2025-01-17

So you want to build your own data center

Scope of the project (colo vs “building a DC”)

Many point out the article is about cage colocation, not constructing a full facility.
Some see the title as misleading clickbait; others argue “your own data center” is commonly used for occupying/racking in a colo.
Multiple comments distinguish between: greenfield DC build (building + power + cooling), cage in an existing DC, and simple rack colo.

Motivations & economics

Strong interest in cost breakdown; Railway deferred detailed numbers to a future post.
Several argue cloud egress is “extortionate” and makes bare metal + colo vastly cheaper for bandwidth-heavy workloads.
Back-of-envelope comparisons: 100 Gbps at IXPs for a few thousand dollars vs millions in hyperscaler egress, though exact AWS/GCP pricing numbers are disputed.
Some warn that while hardware and transit can be cheap, you must factor in spares, repairs, on-call, and operational complexity.

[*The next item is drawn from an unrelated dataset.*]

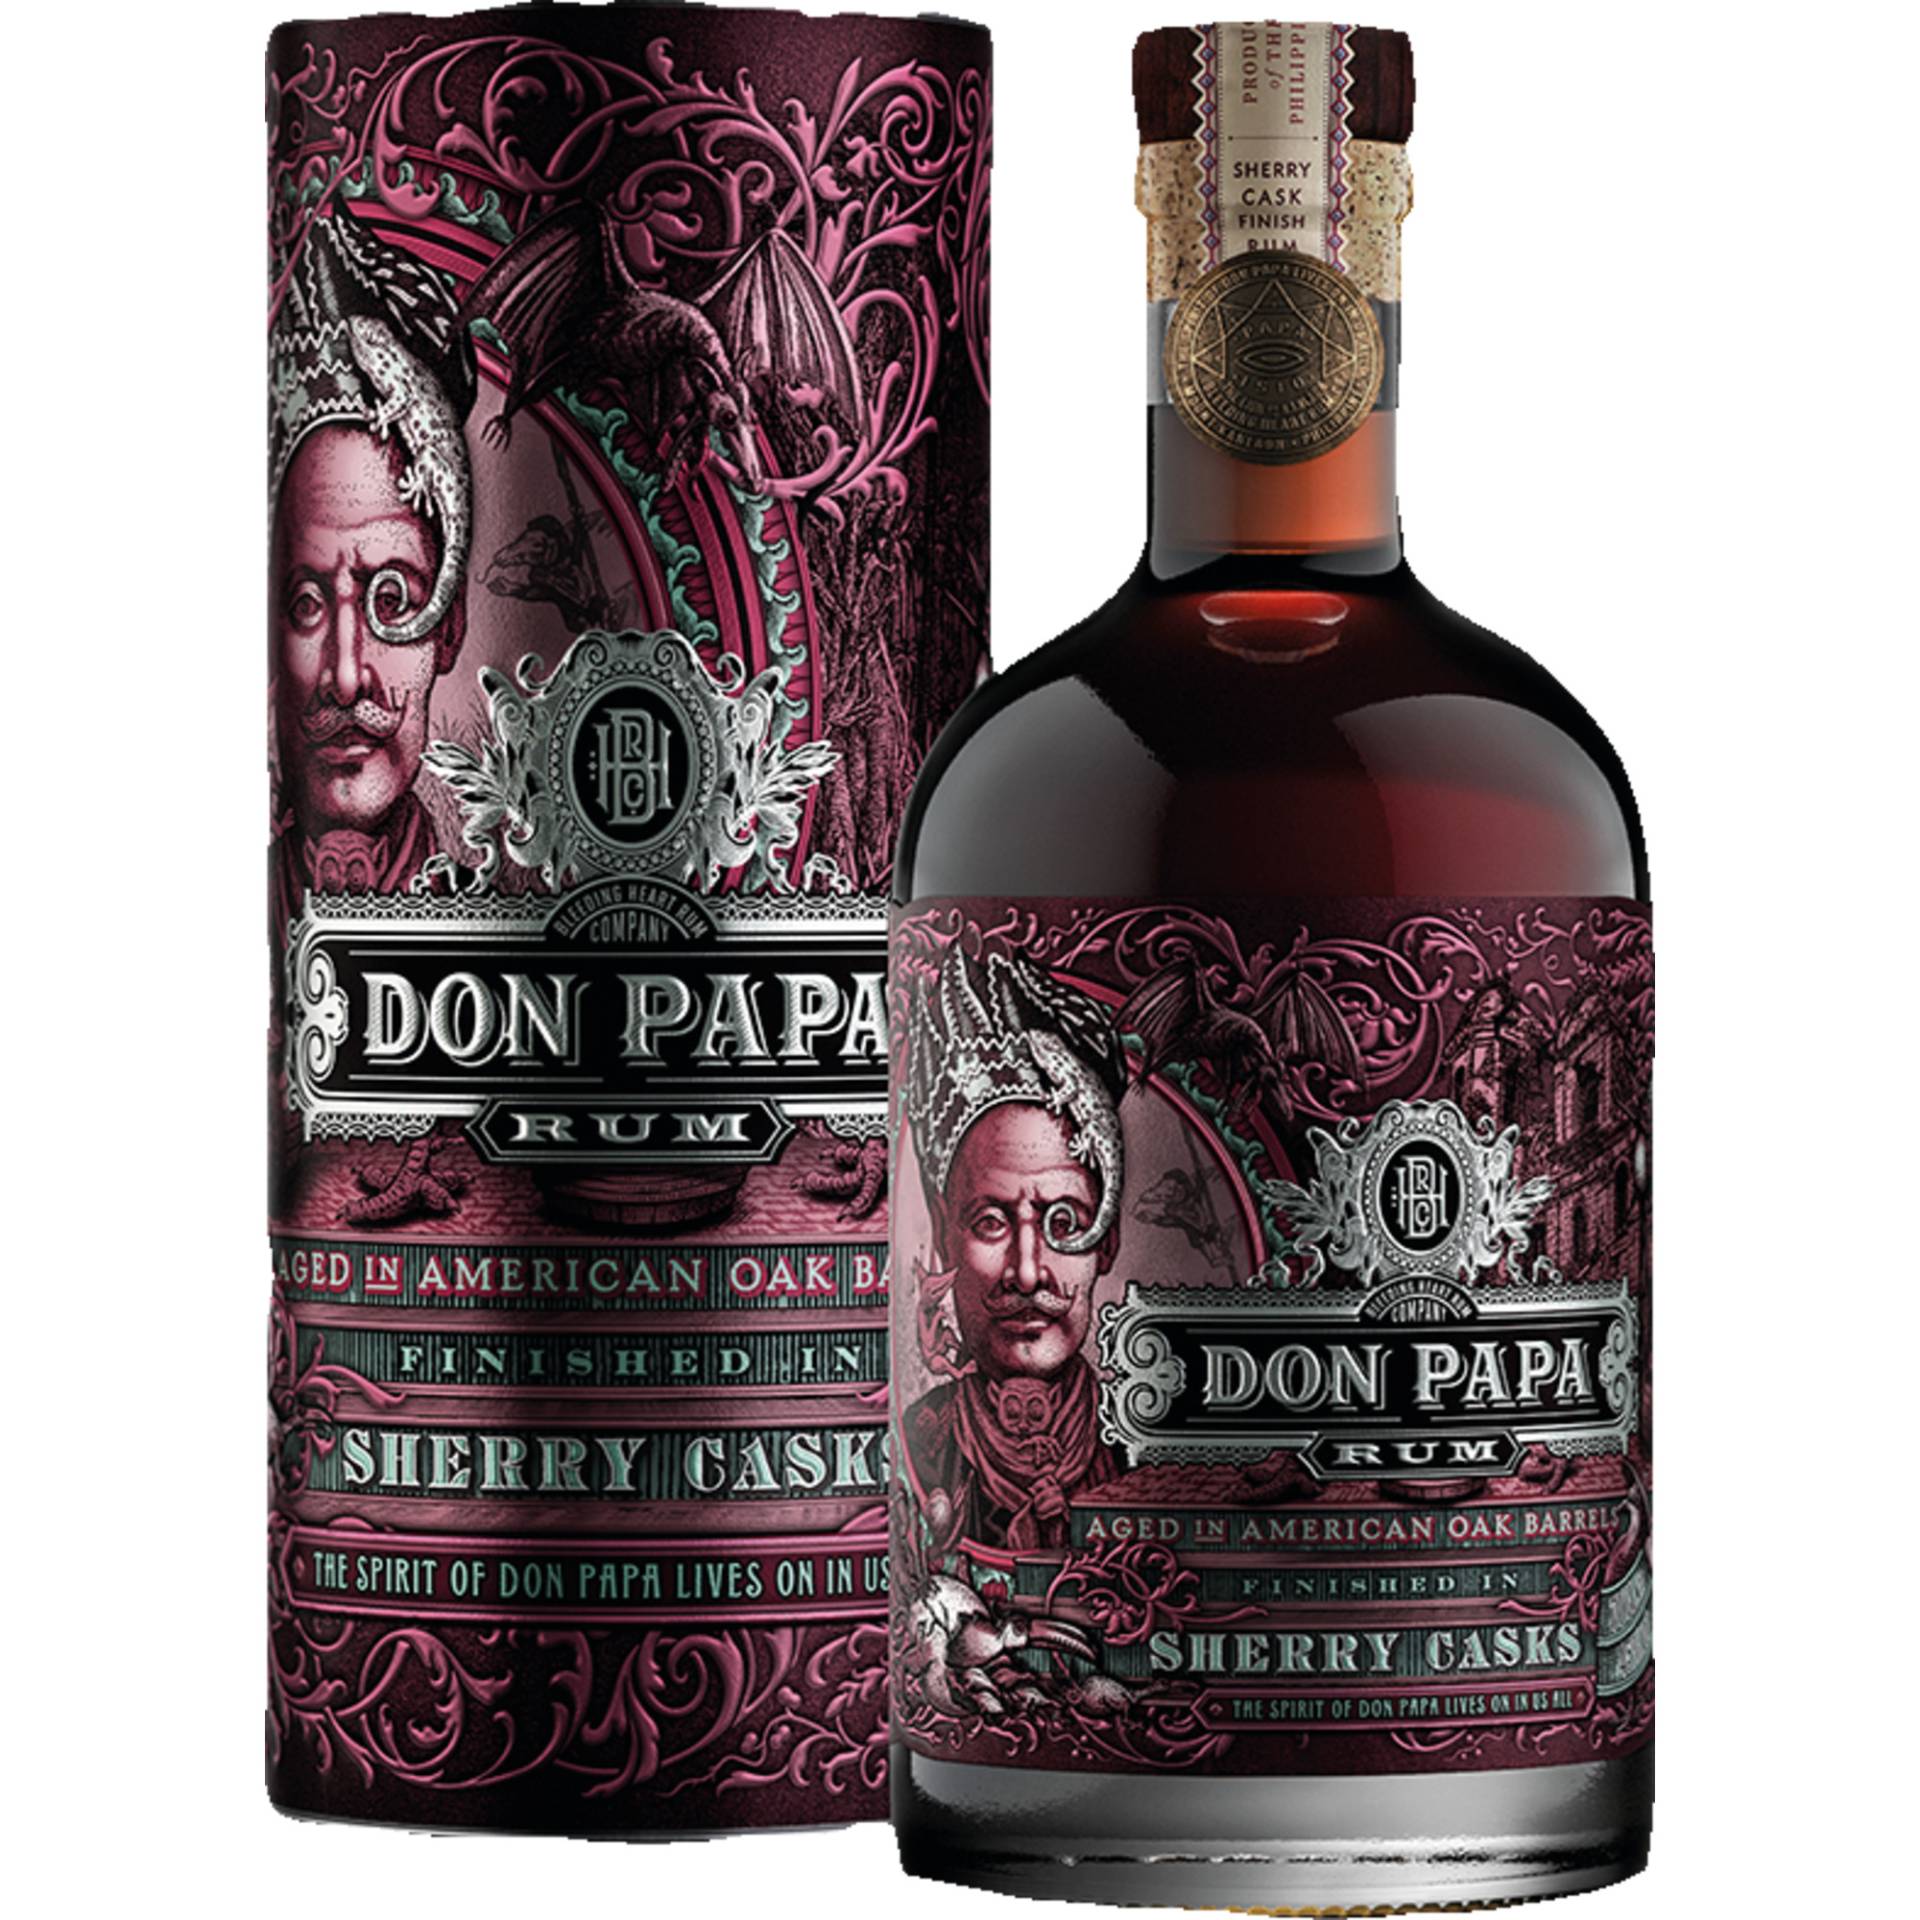 Don Papa Rum finished in Sherry Casks, Negros Philippinen, 0,7 L, 45% Vol.in Geschenkdose, Spirituosen von Sierra Madre GmbH, Rohrstr. 26, 56093 Hagen, Deutschland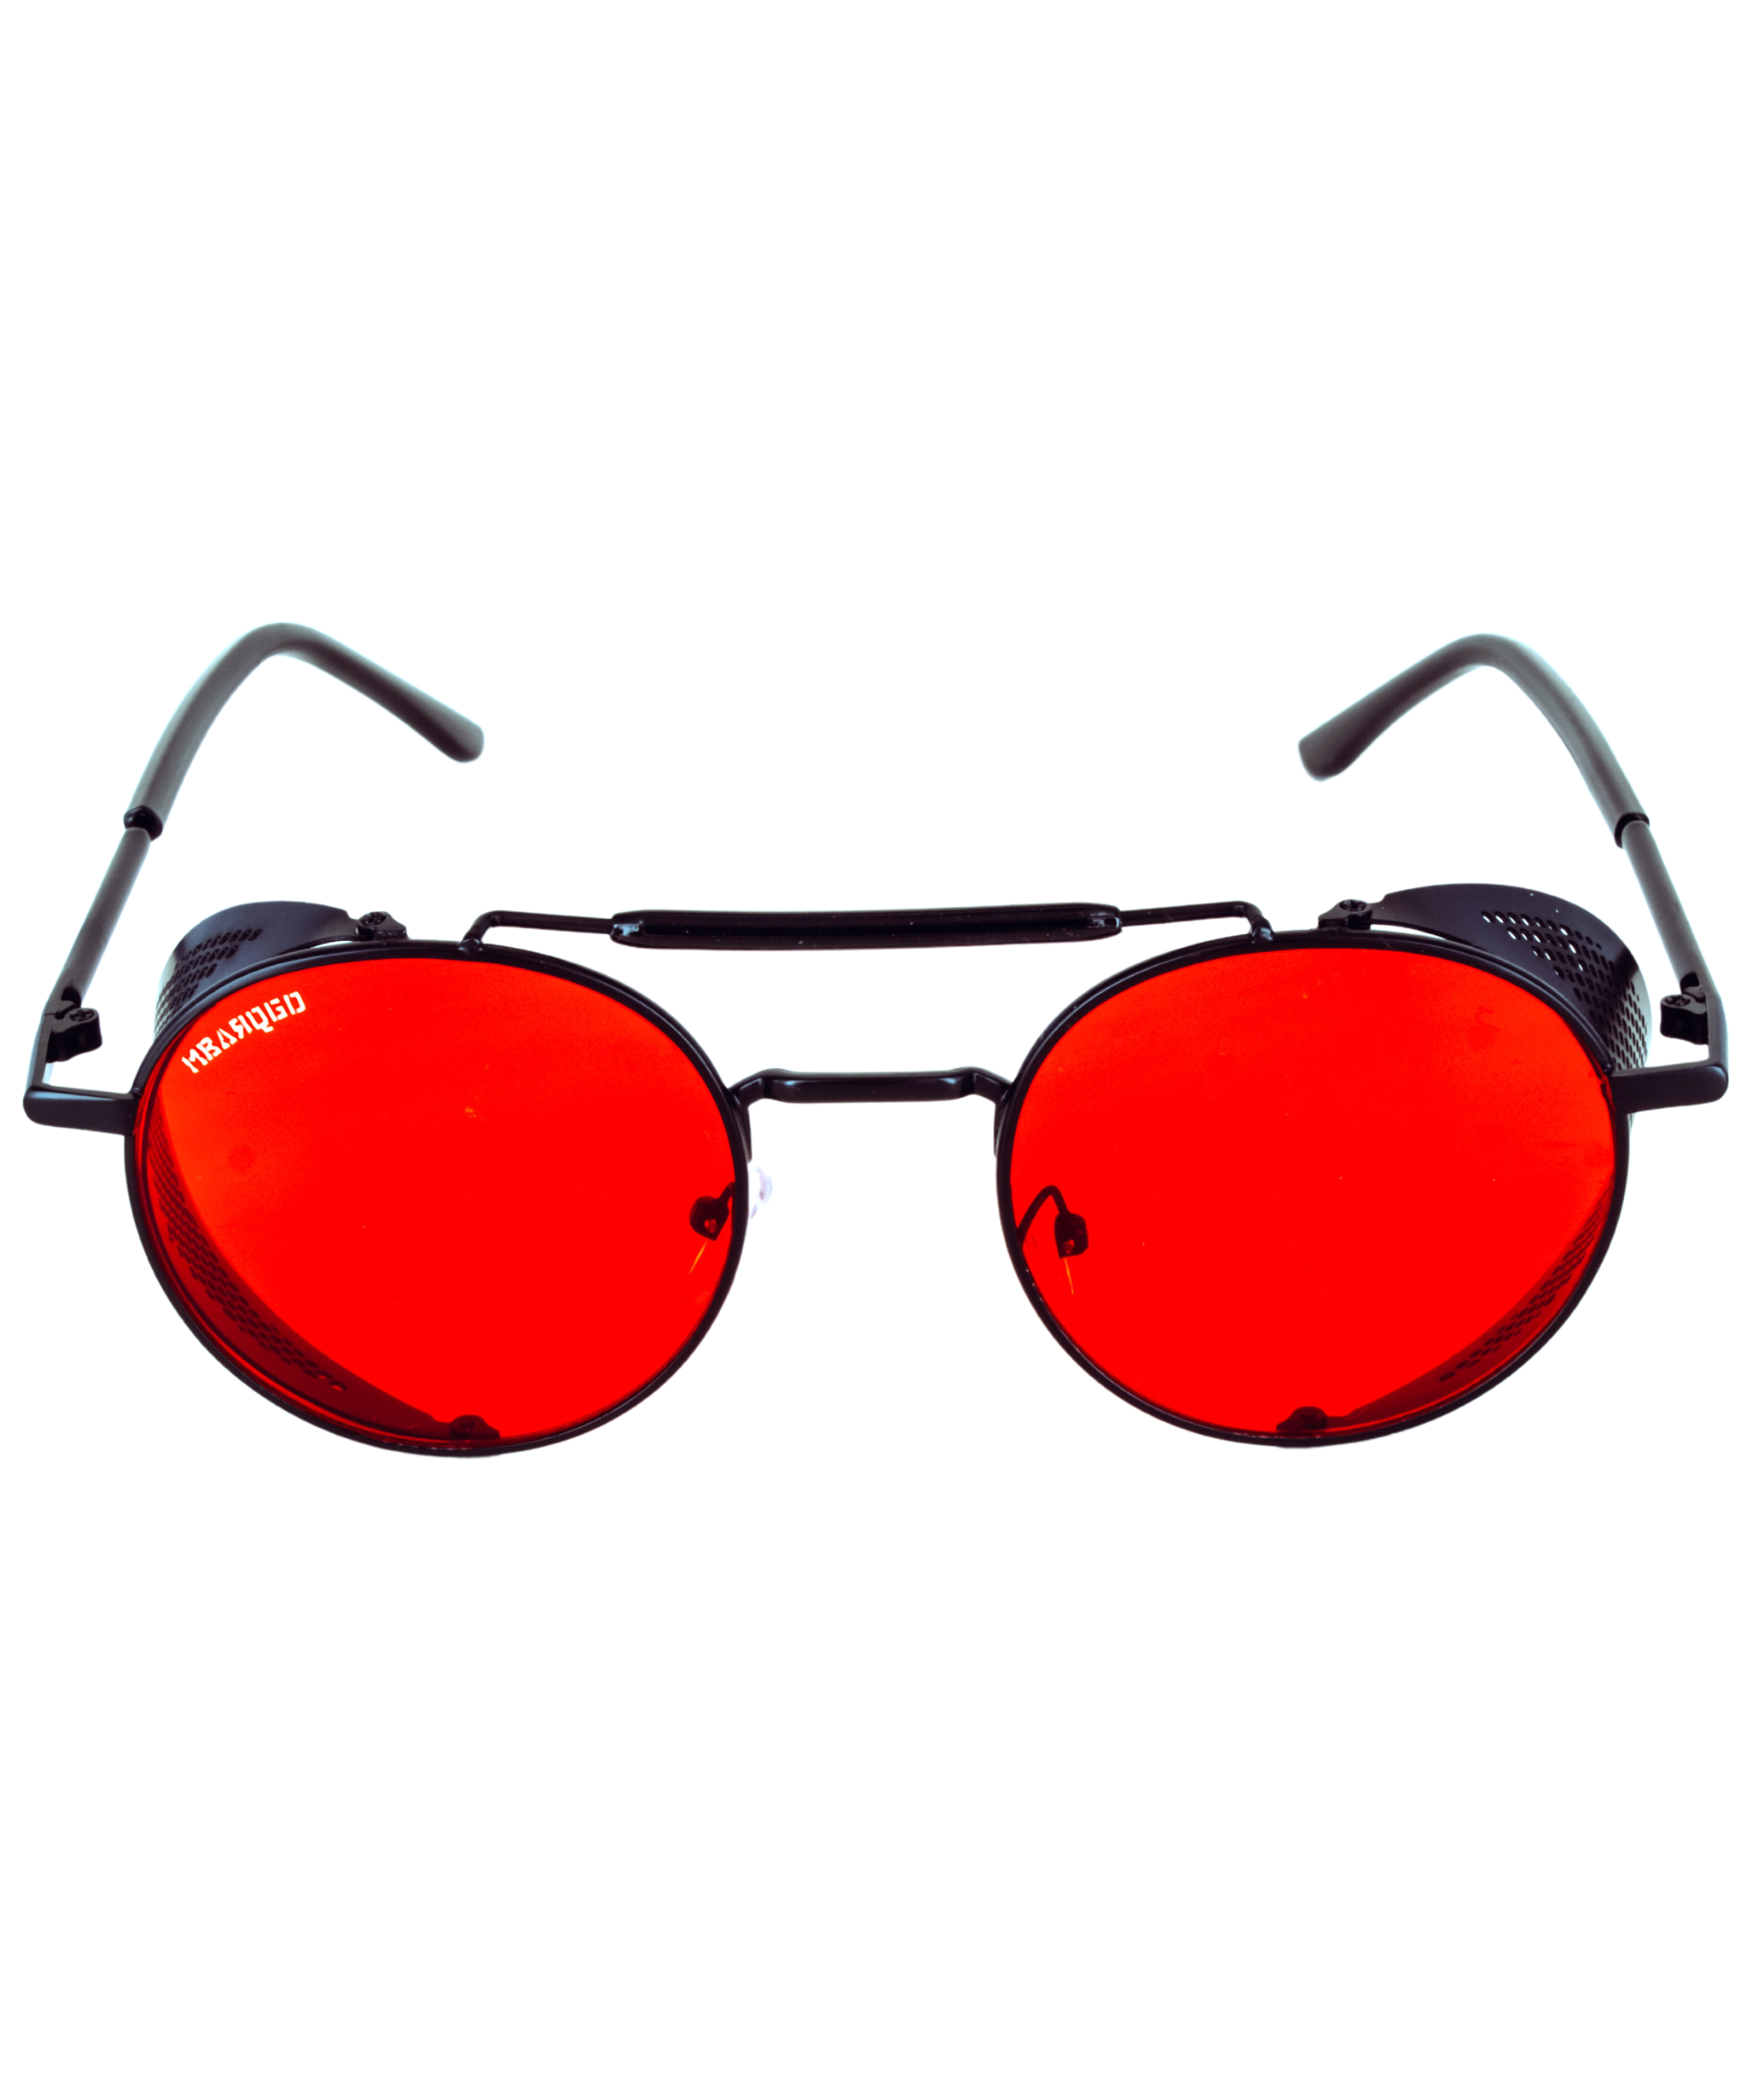 The Evasion Eyewear - Crimson

Hardware, networking & design choices

Servers: Supermicro x86; ARM considered but current SKUs seen as too old for the scale/risk.
Networking: whitebox/SONiC + FRR, BGP in the data center, eBGP to hosts, BGP unnumbered; design inspired by “BGP in the Data Center.”
Current gen uses 25G leaf and 100G spine; commenters suggest alternative topologies (collapsed 100G per rack, CR3-class switches) for better $/Gbps.
PXE-based boot via pixiecore + Debian netboot; BMC/Redfish orchestration; custom host agent for QEMU VMs and BGP advertisement.

Tooling & DCIM

Railway built an internal DCIM/rack-modeling tool (“Railyard”) integrated with their orchestrator, rather than adopting Netbox/Nautobot.
Supporters say generic DCIMs force infrastructure to fit their data model; critics note Netbox’s complexity and performance issues.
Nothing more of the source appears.